**Work order**
Pictures must not appear in the copy. Reproduce exactly, and only, the lines from the one with "Axenstein - Grand" through the end of the data below.

**Data extract**
* * * * * * * * *

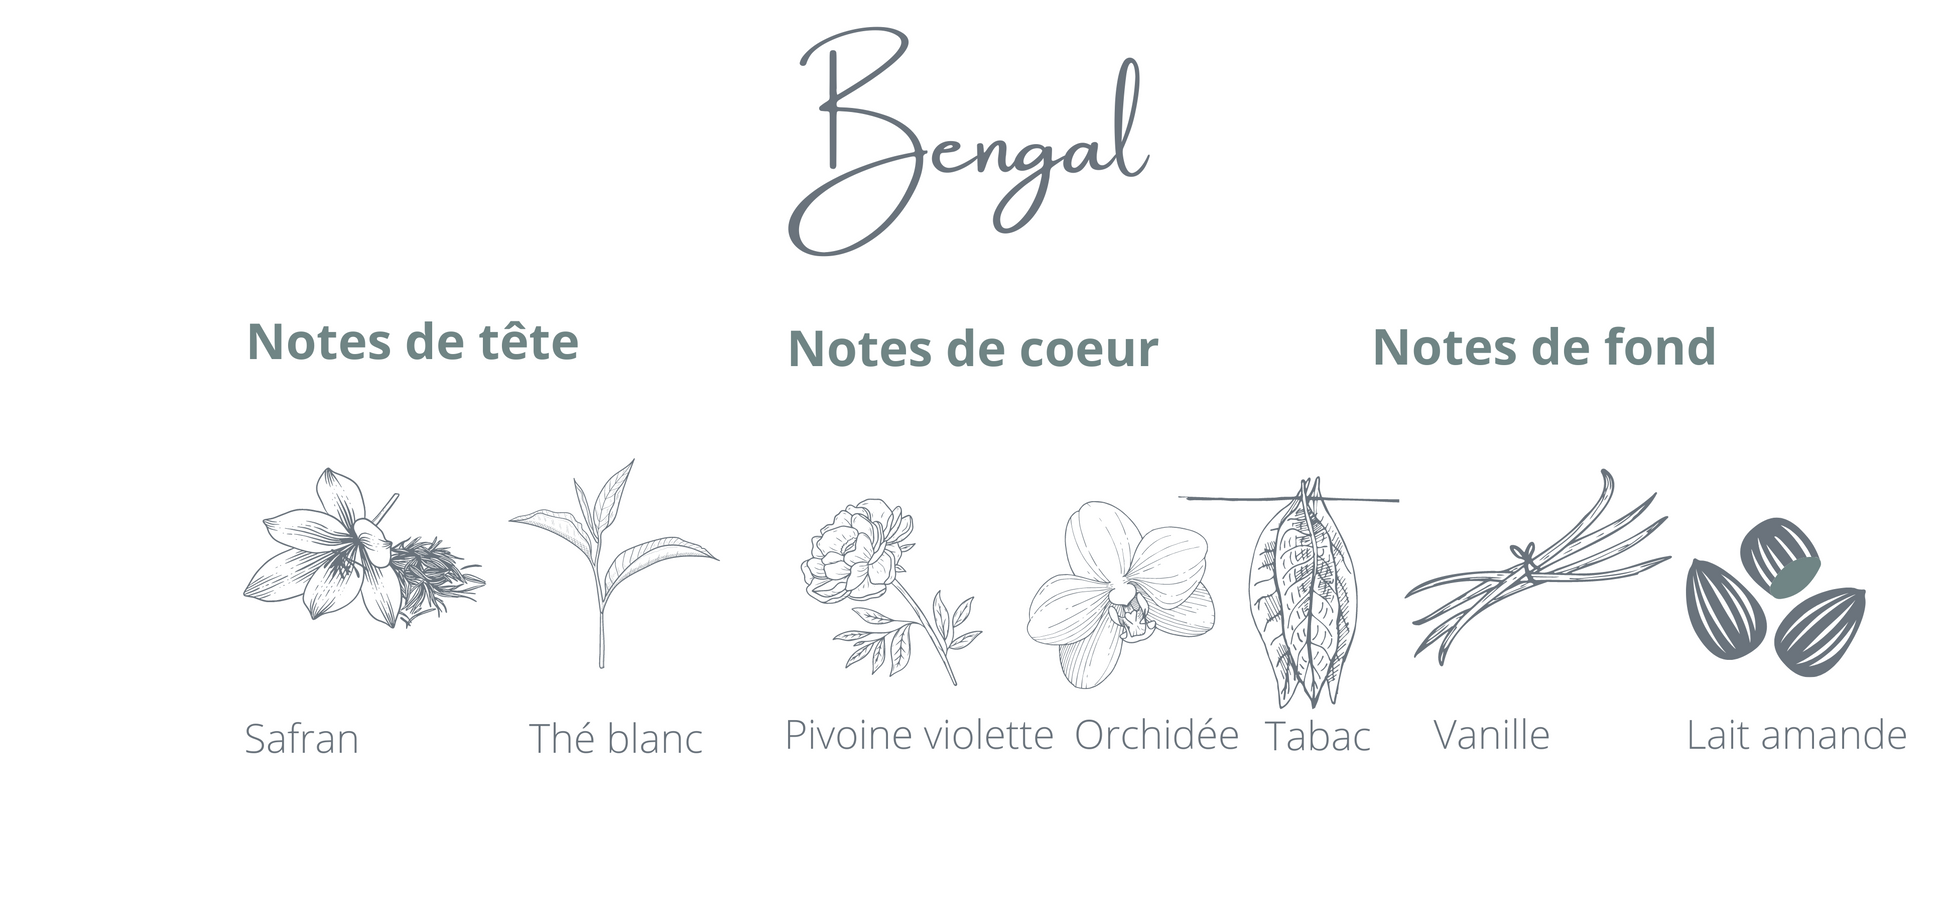 Recharge - Bengal - Coton Corail - Bougie montréal - chandelle rechargeable - notes safran thé blanc
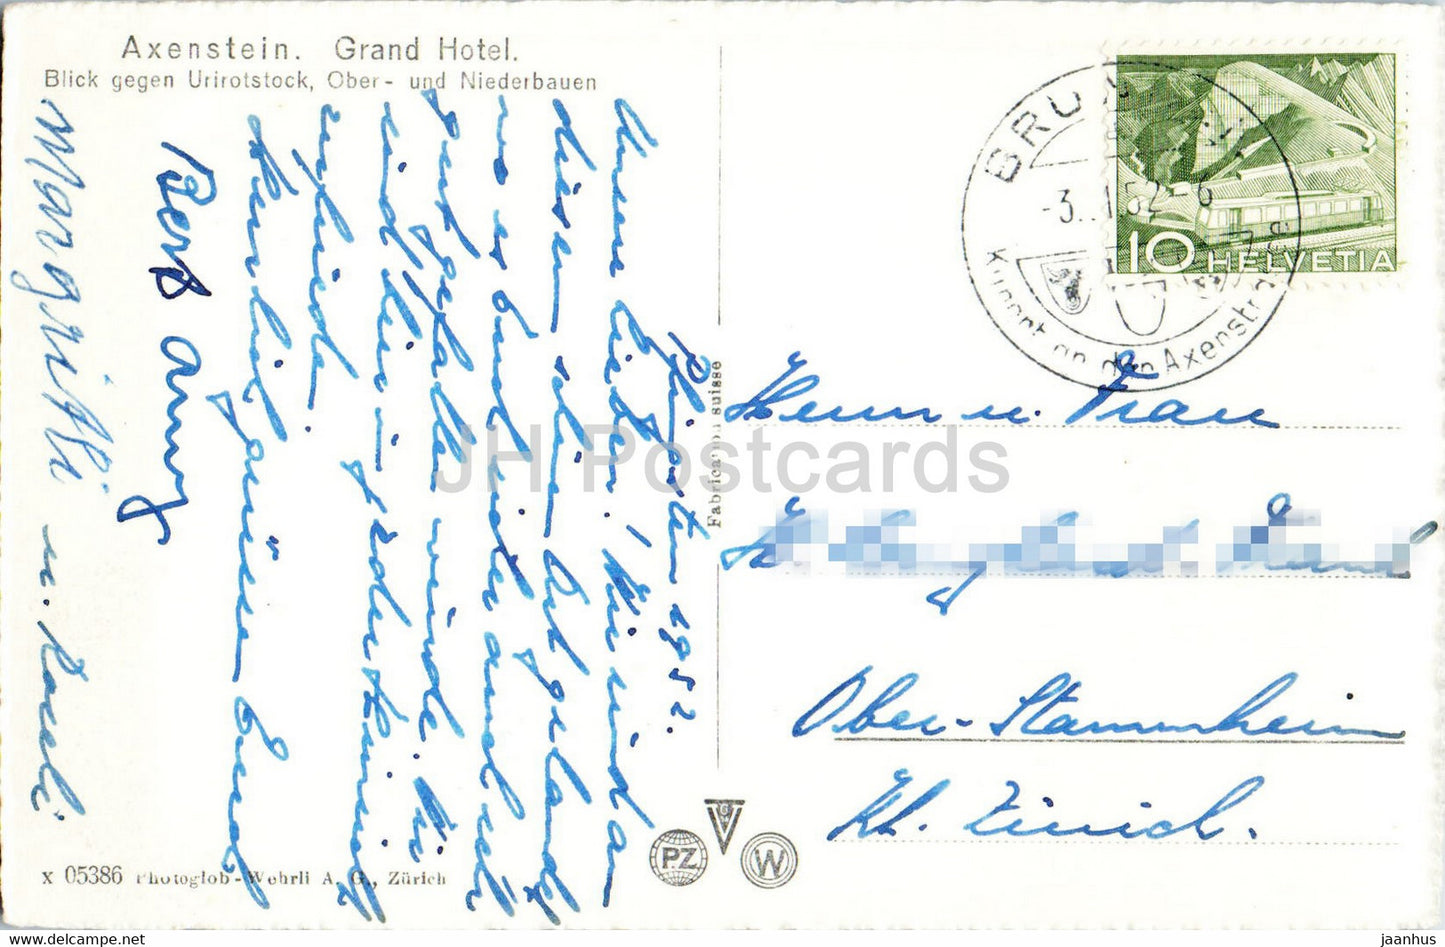 Axenstein - Grand Hotel - Blick gegen Urirotstock - Ober und Niederbauen - 1952 - old postcard - Switzerland - used
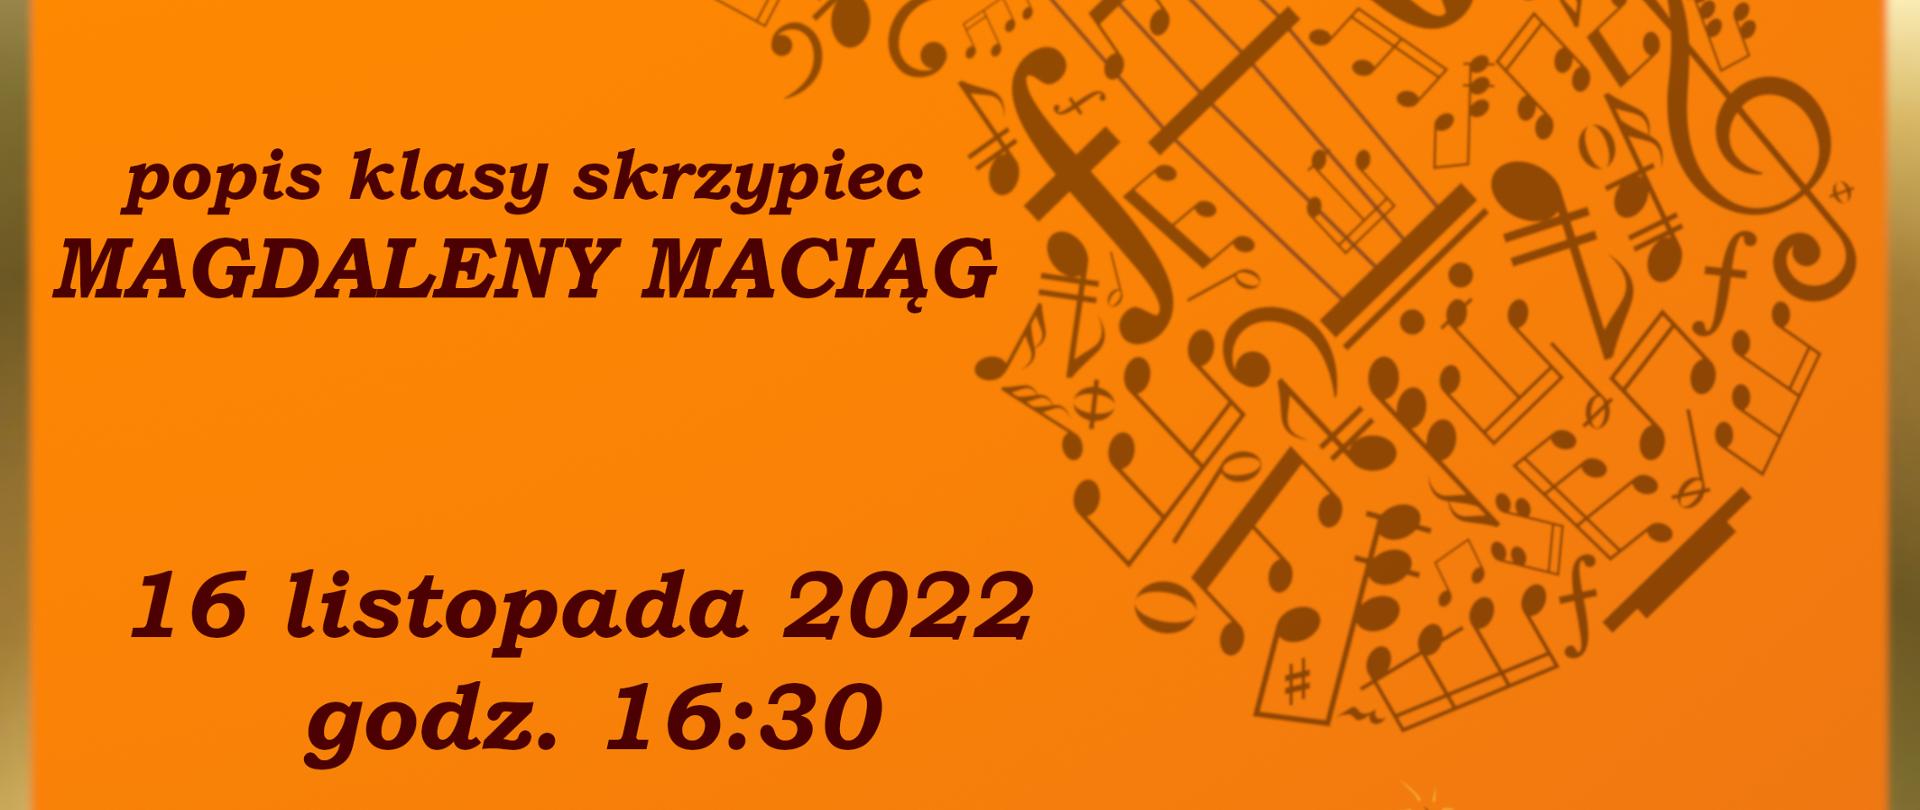 plakat popisu klasy skrzypiec Magdaleny Maciąg w dniu 16.11.2022. Nazwa popisu to " Skrzypcowe Przekomarzanki". Tło plakatu jest pomarańczowe i jest na nim komar.
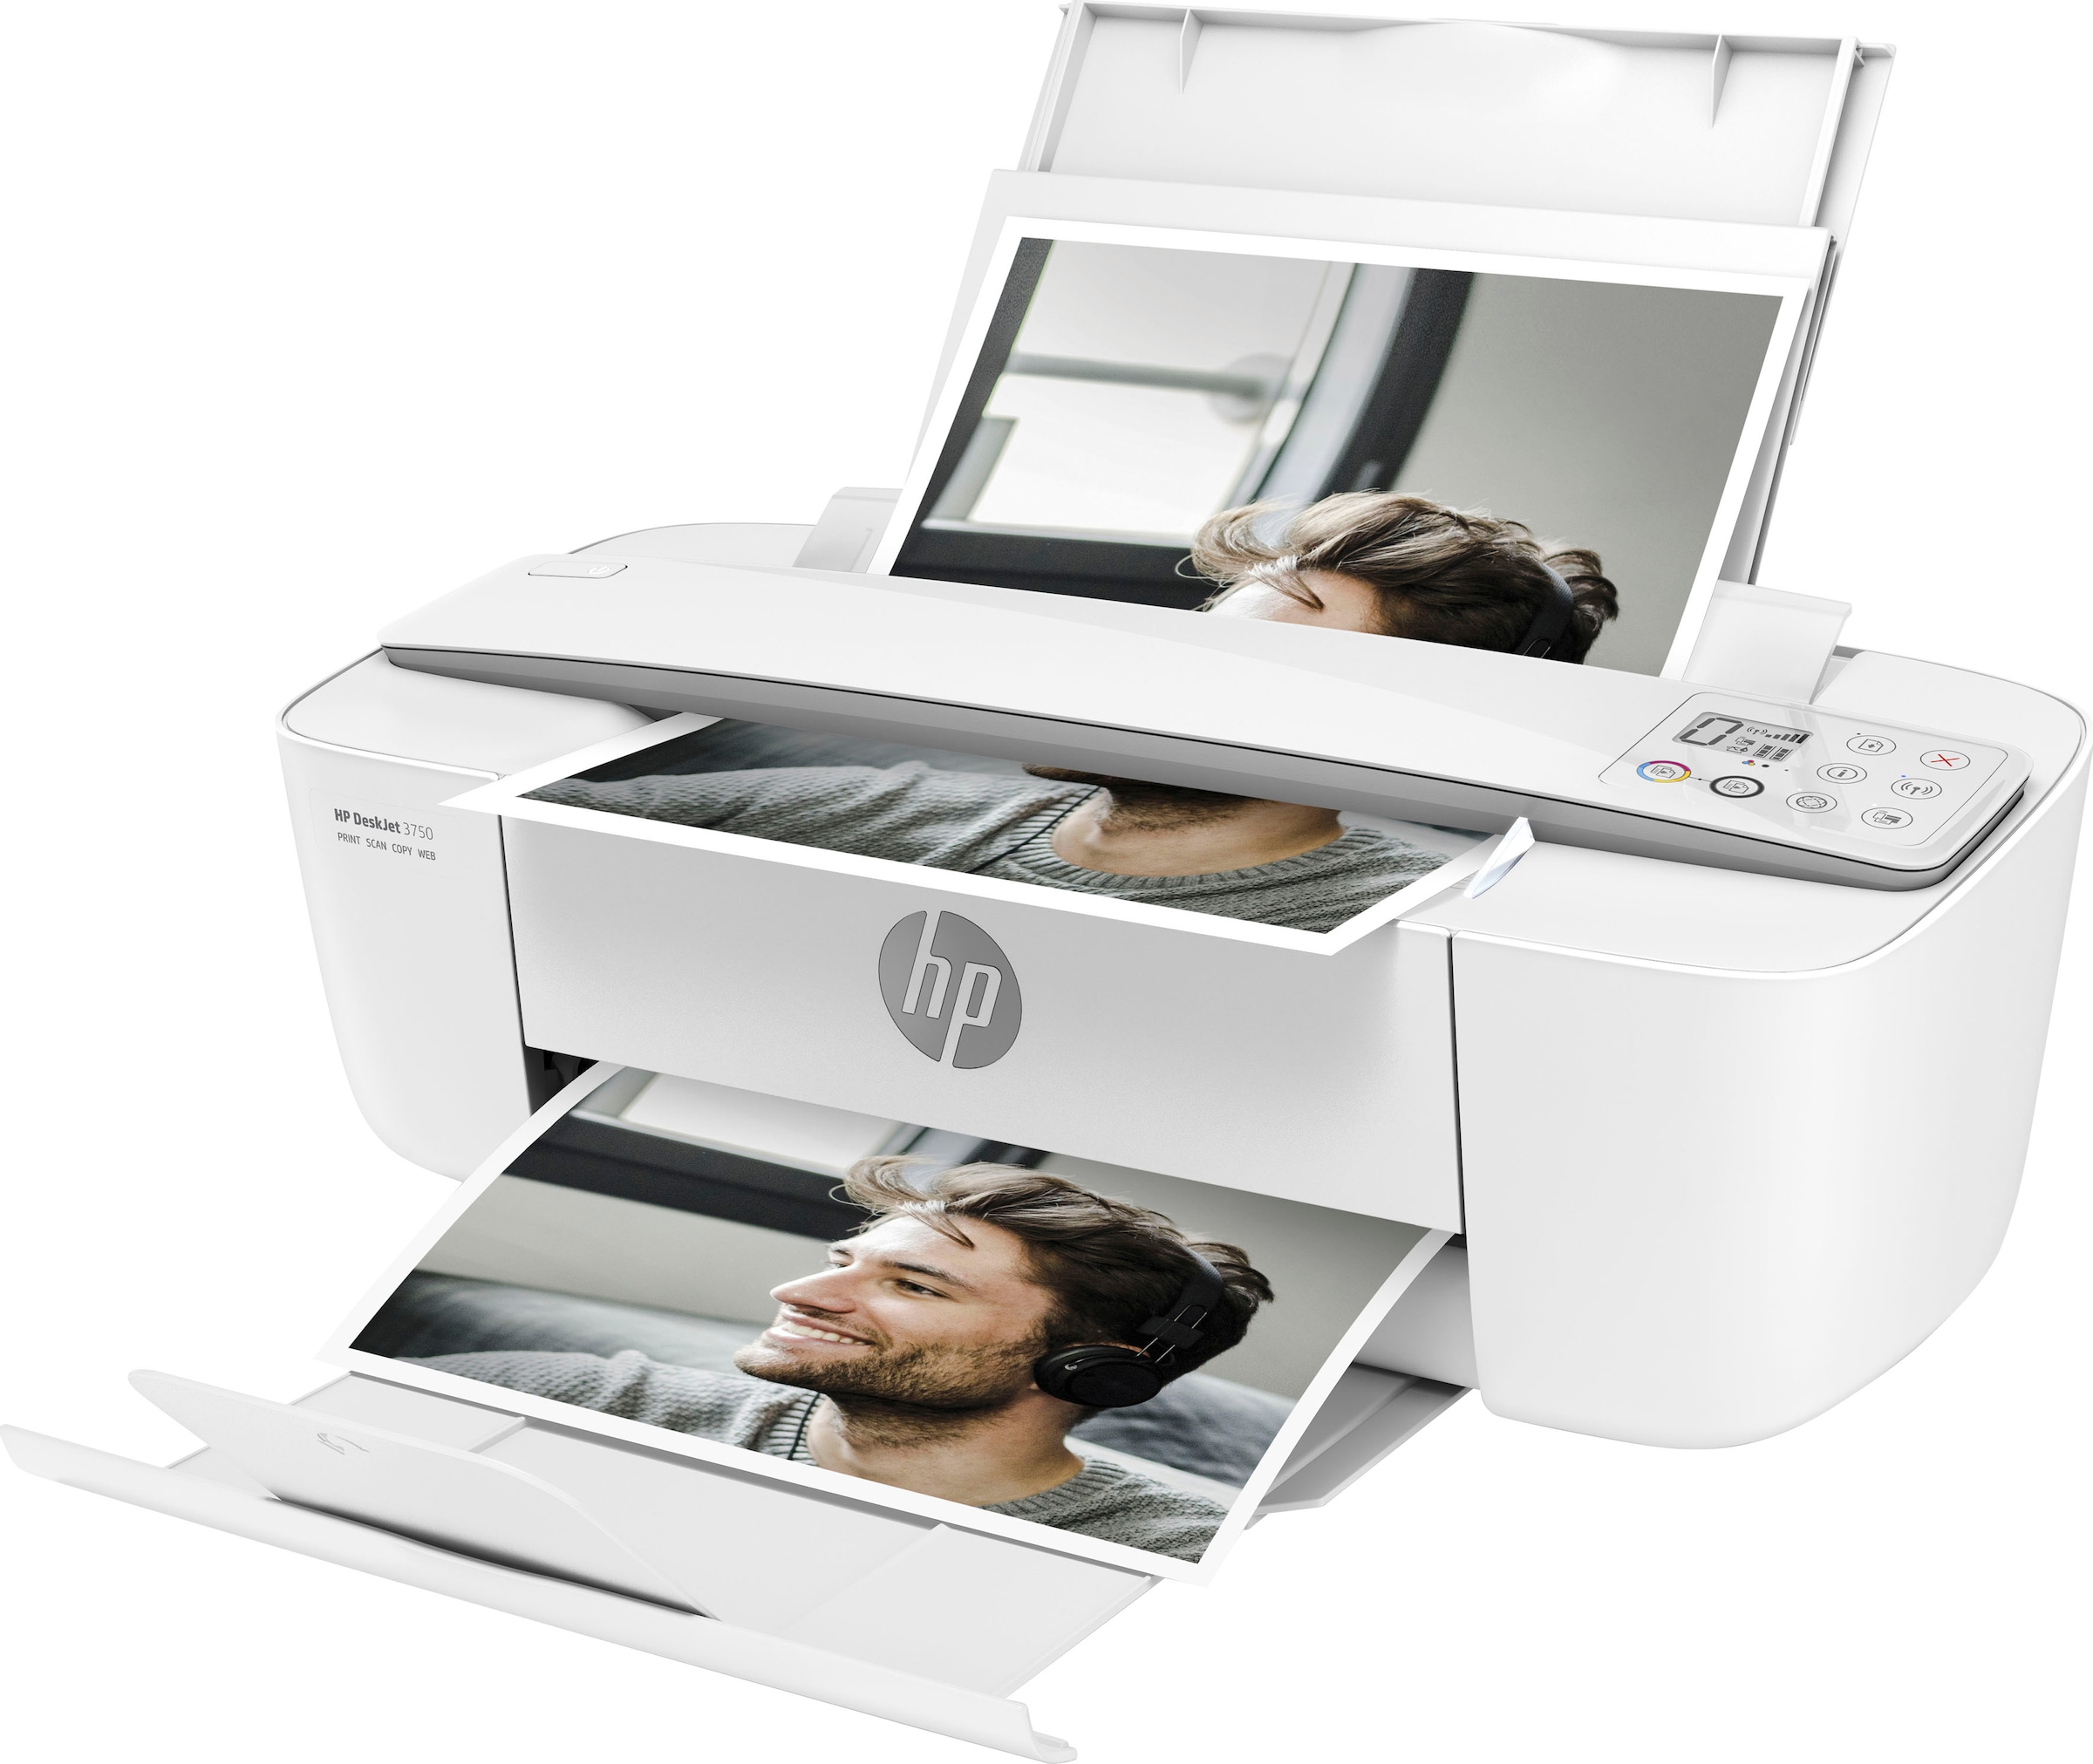 HP Multifunktionsdrucker »Drucker DeskJet 3750«

* * * * * * * * *

**Written answer**
 Axenstein - Grand Hotel - Blick gegen Urirotstock - Ober und Niederbauen - 1952 - old postcard - Switzerland - used
 plakat popisu klasy skrzypiec Magdaleny Maciąg w dniu 16.11.2022. Nazwa popisu to " Skrzypcowe Przekomarzanki". Tło plakatu jest pomarańczowe i jest na nim komar.
 HP Multifunktionsdrucker »Drucker DeskJet 3750«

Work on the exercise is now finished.